## TO DO:
Exact copies of all the lines below are wanted, without a single picture.

**** MATERIAL PROVIDED ****

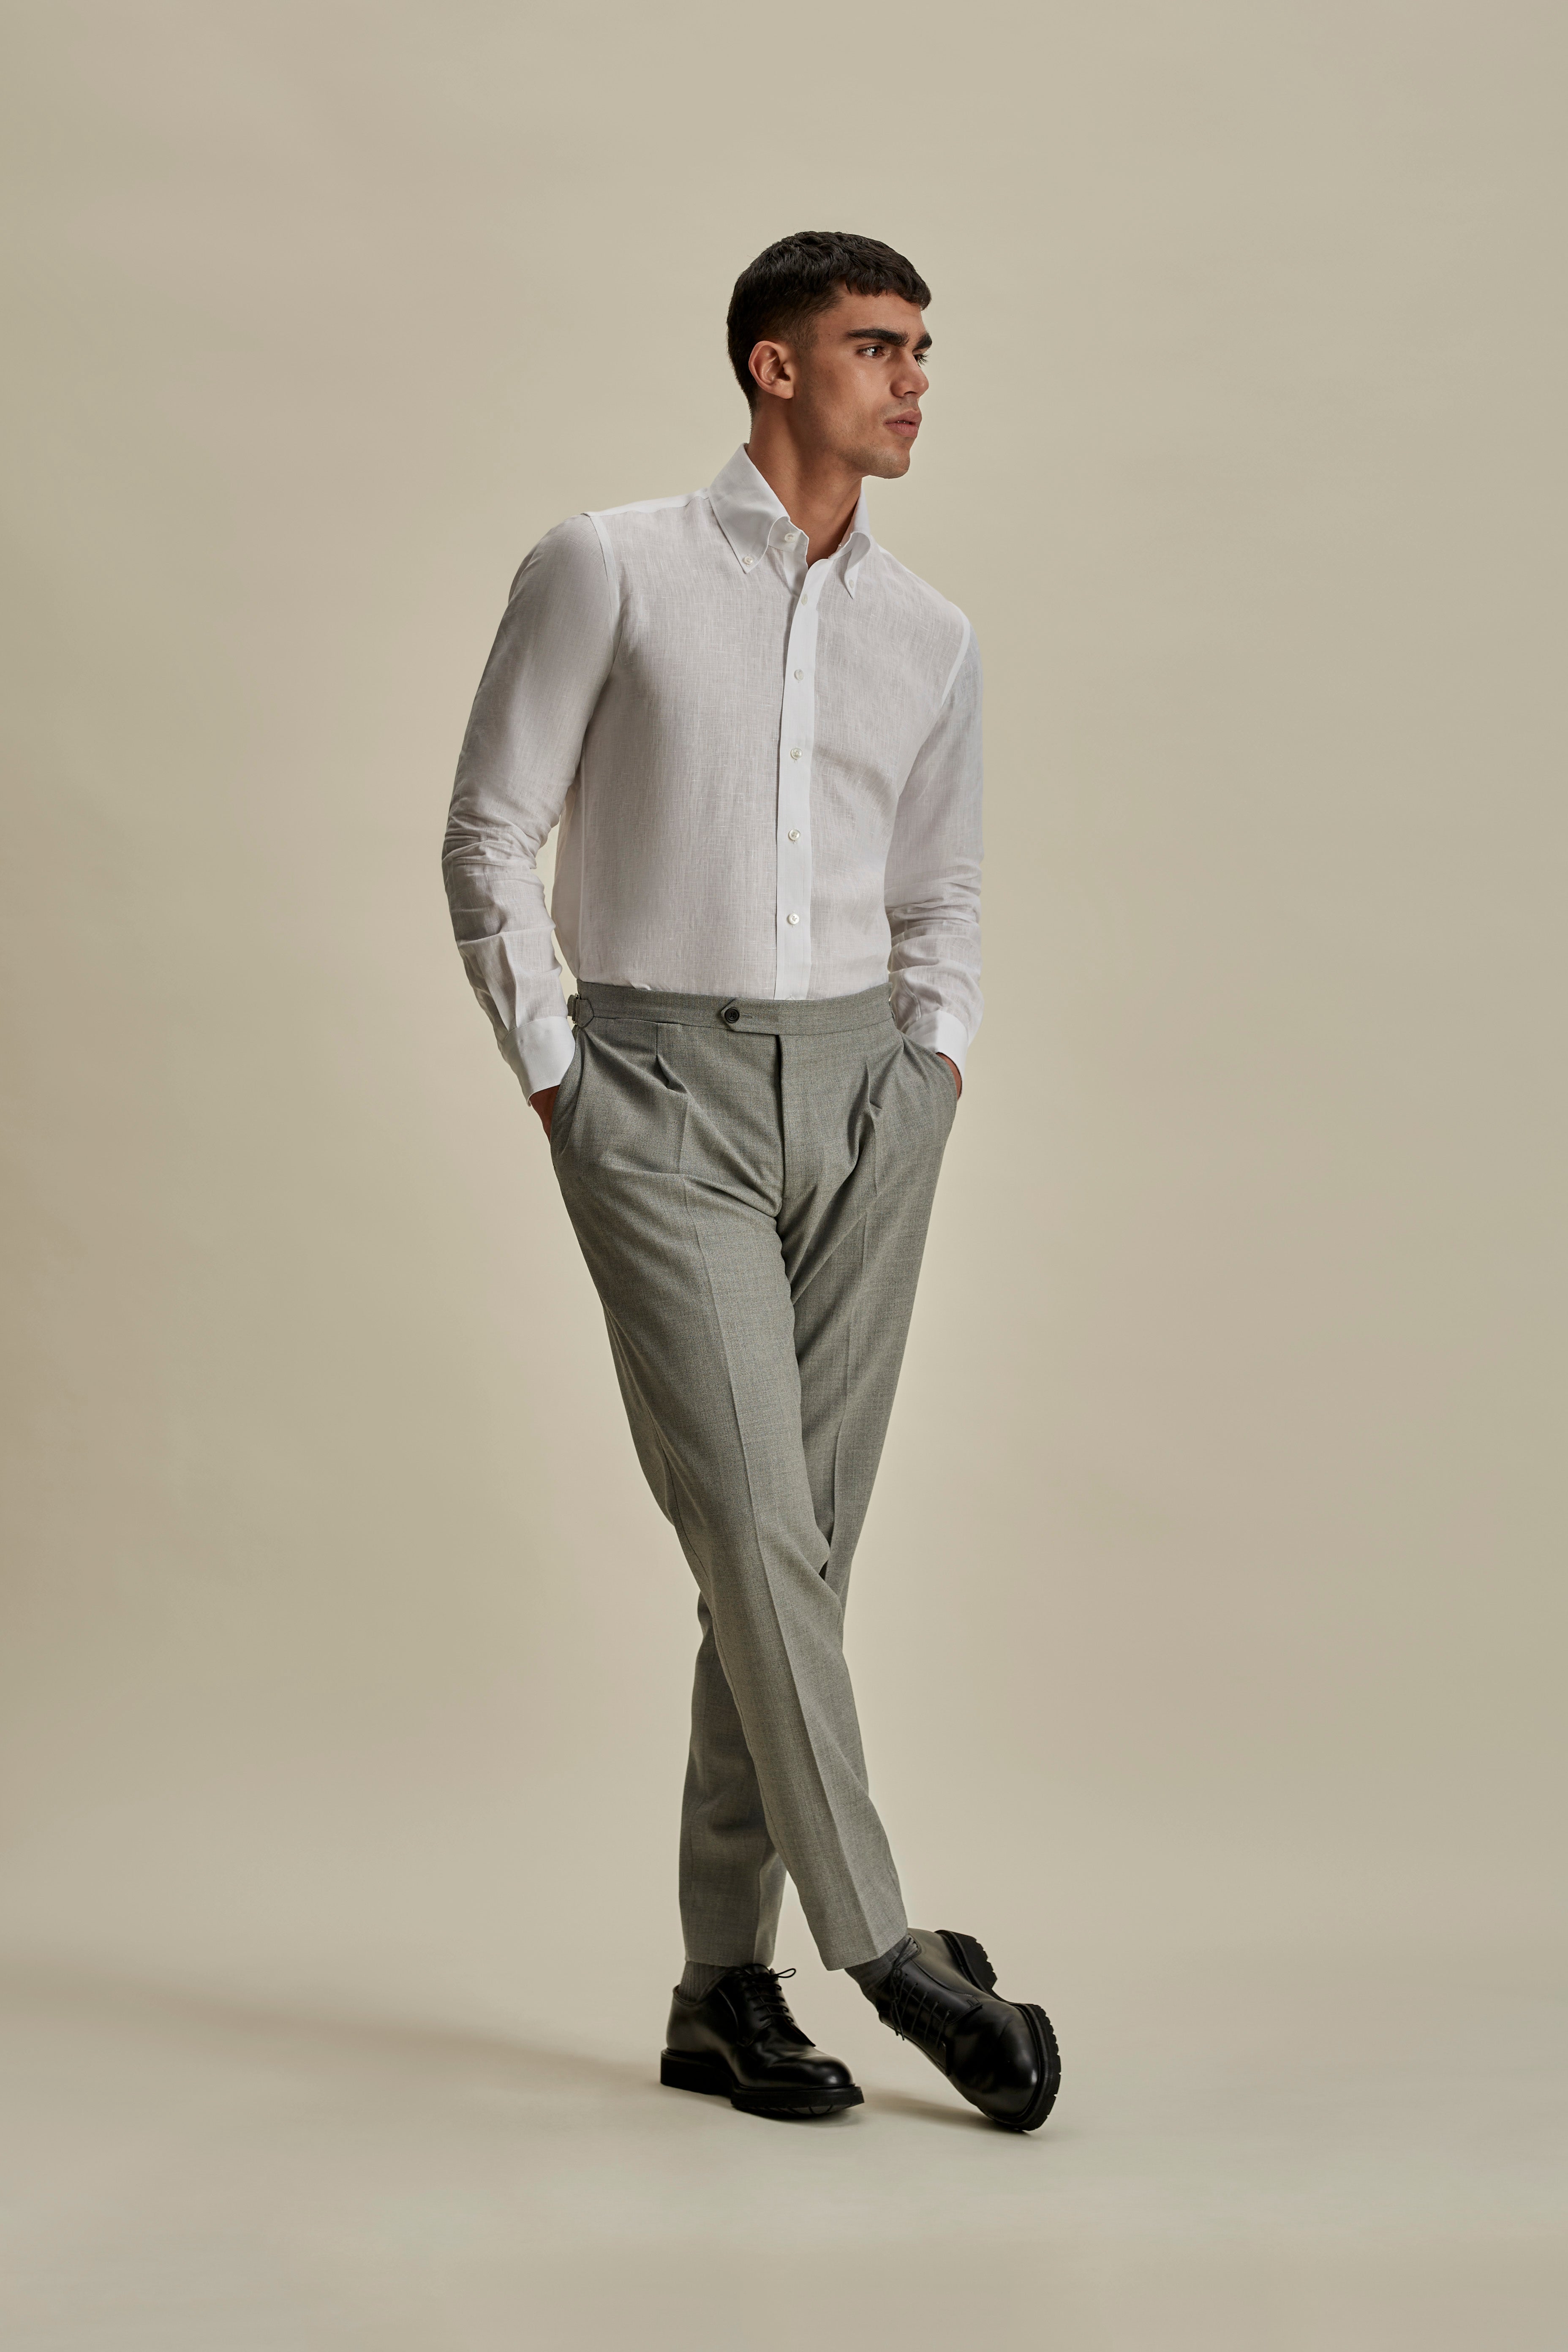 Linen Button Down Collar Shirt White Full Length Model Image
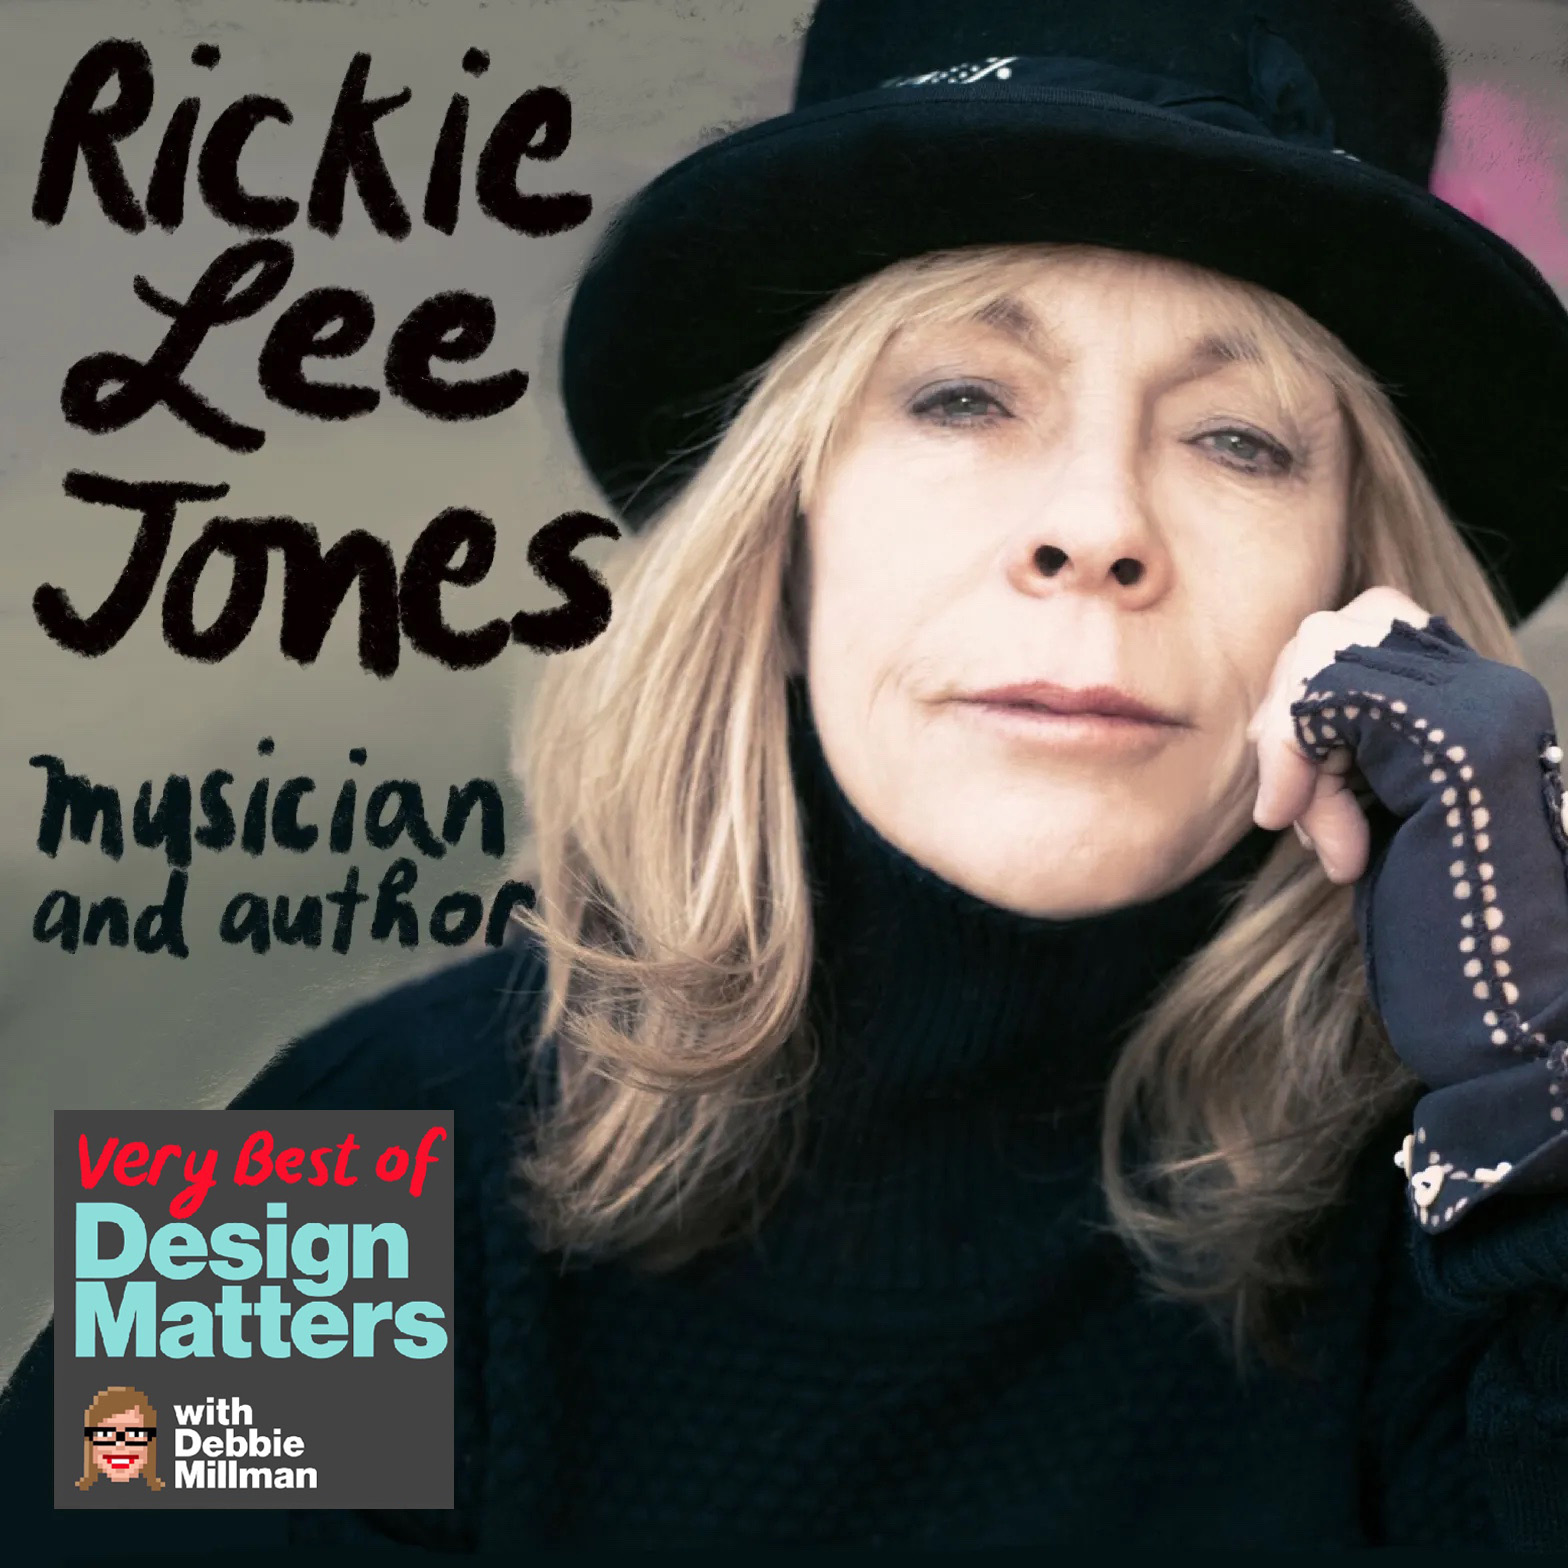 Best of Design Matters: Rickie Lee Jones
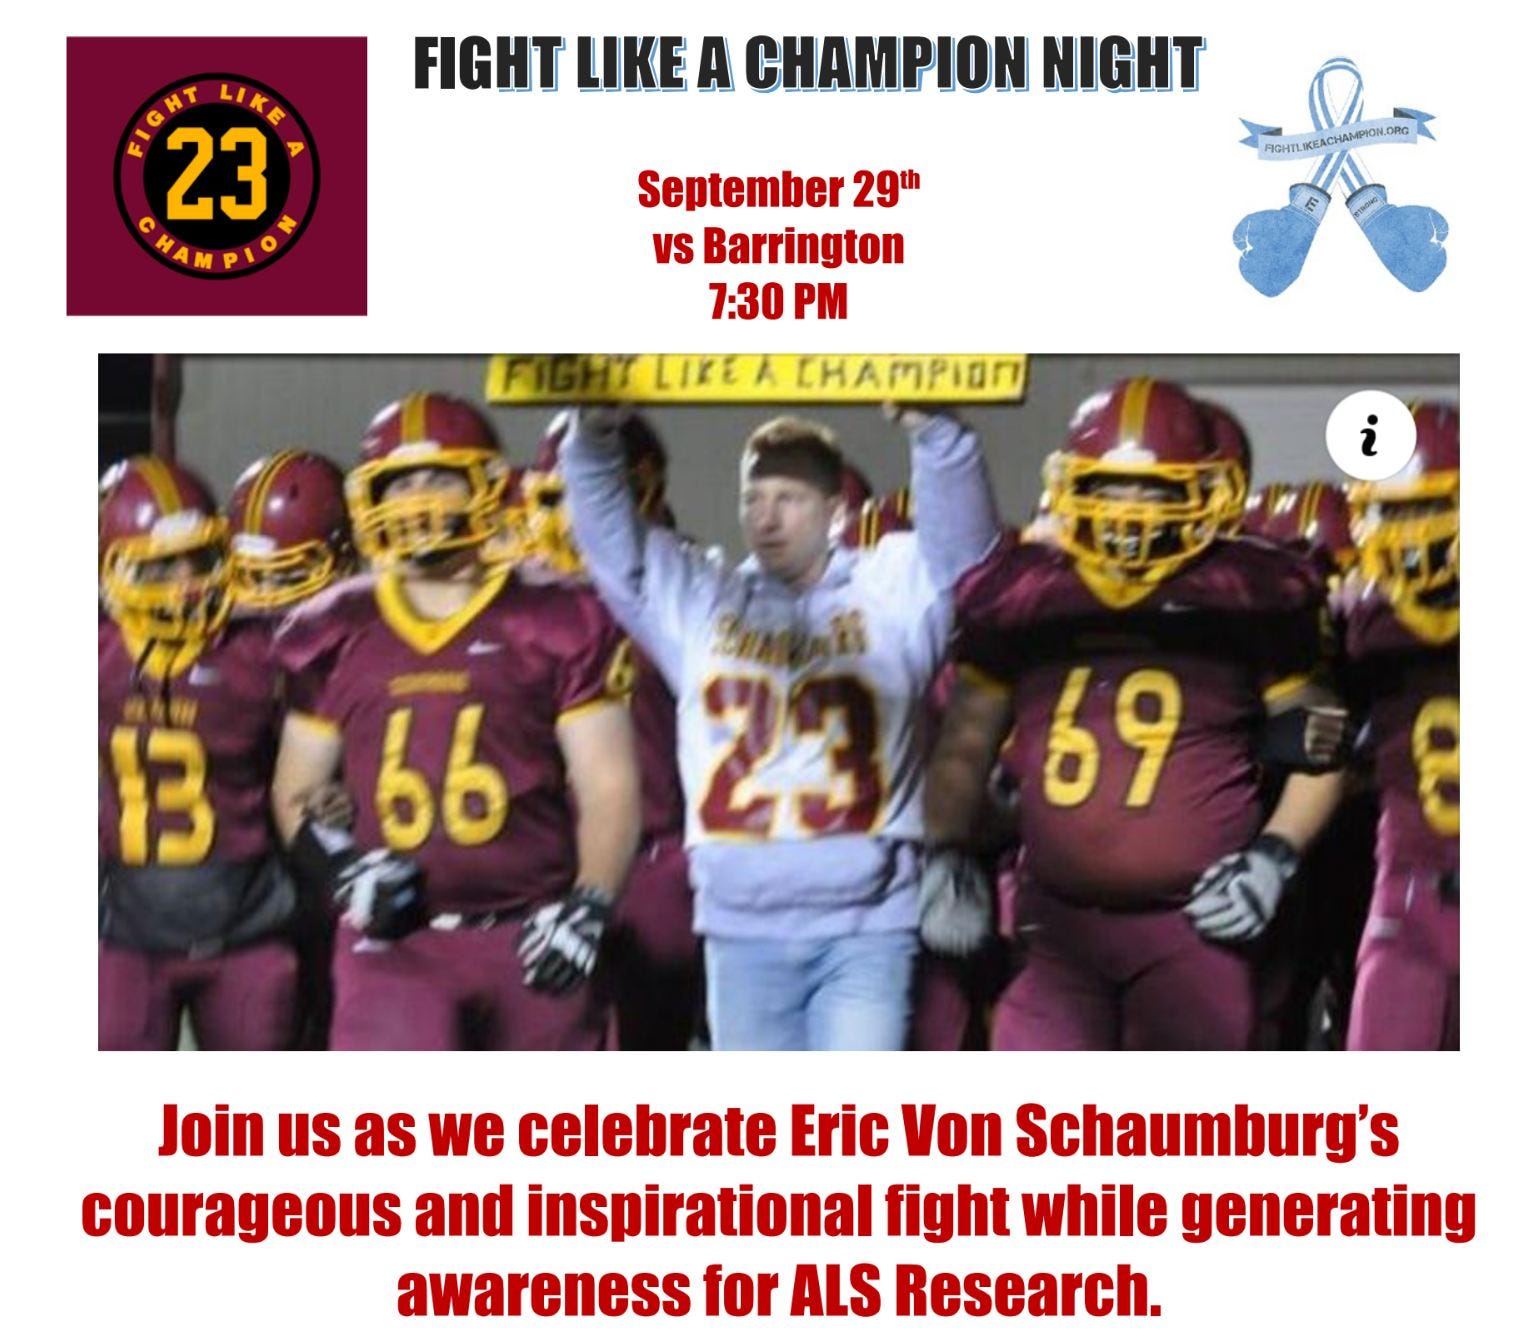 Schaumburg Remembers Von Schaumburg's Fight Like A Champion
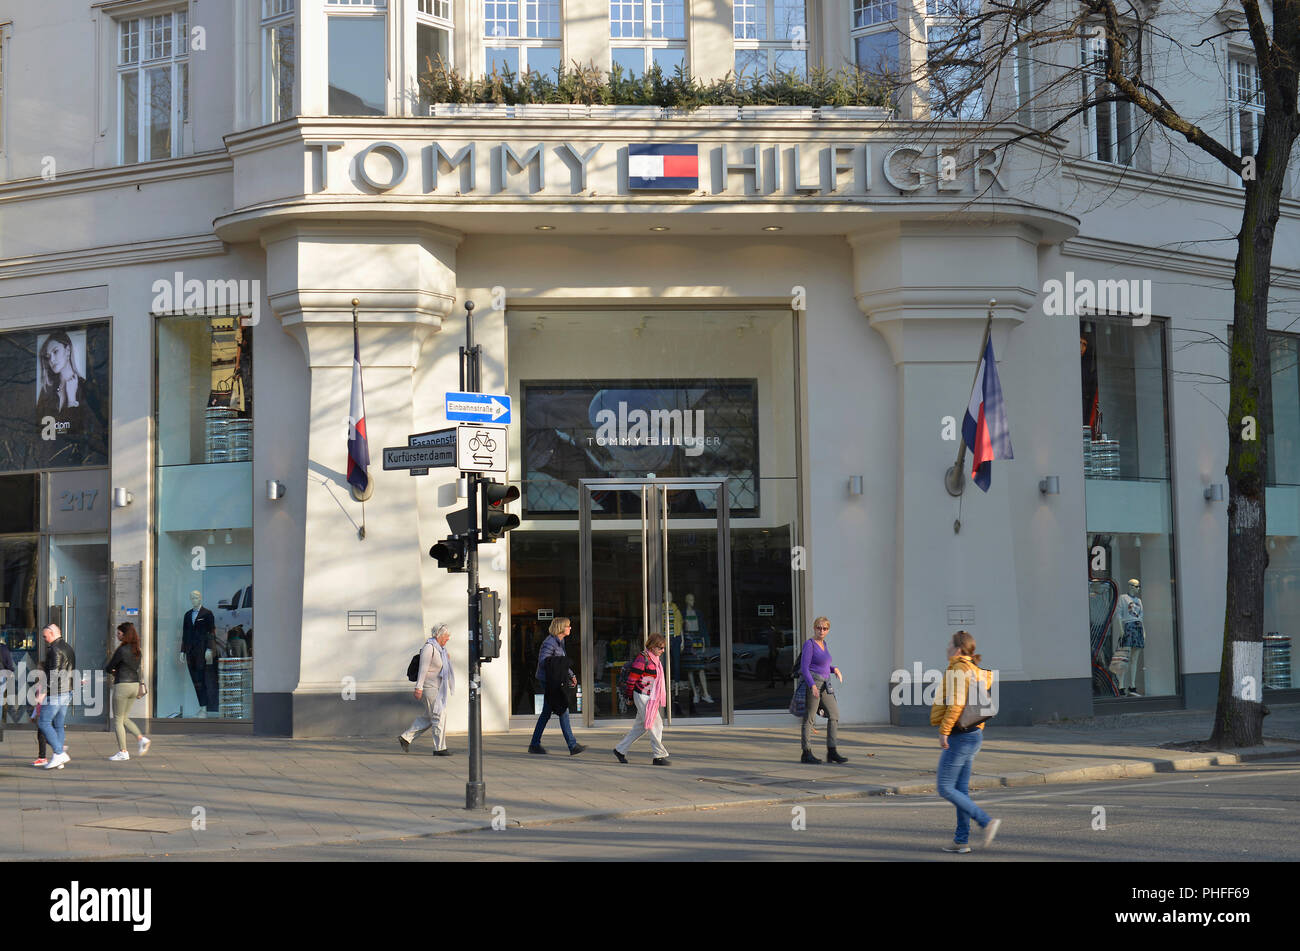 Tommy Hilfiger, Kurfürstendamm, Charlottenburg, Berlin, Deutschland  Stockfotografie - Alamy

****

## TASK RESULT:
 Linen Button Down Collar Shirt White Full Length Model Image
 Best of Design Matters: Rickie Lee Jones
 Schaumburg Remembers Von Schaumburg's Fight Like A Champion
 Tommy Hilfiger, Kurfürstendamm, Charlottenburg, Berlin, Deutschland  Stockfotografie - Alamy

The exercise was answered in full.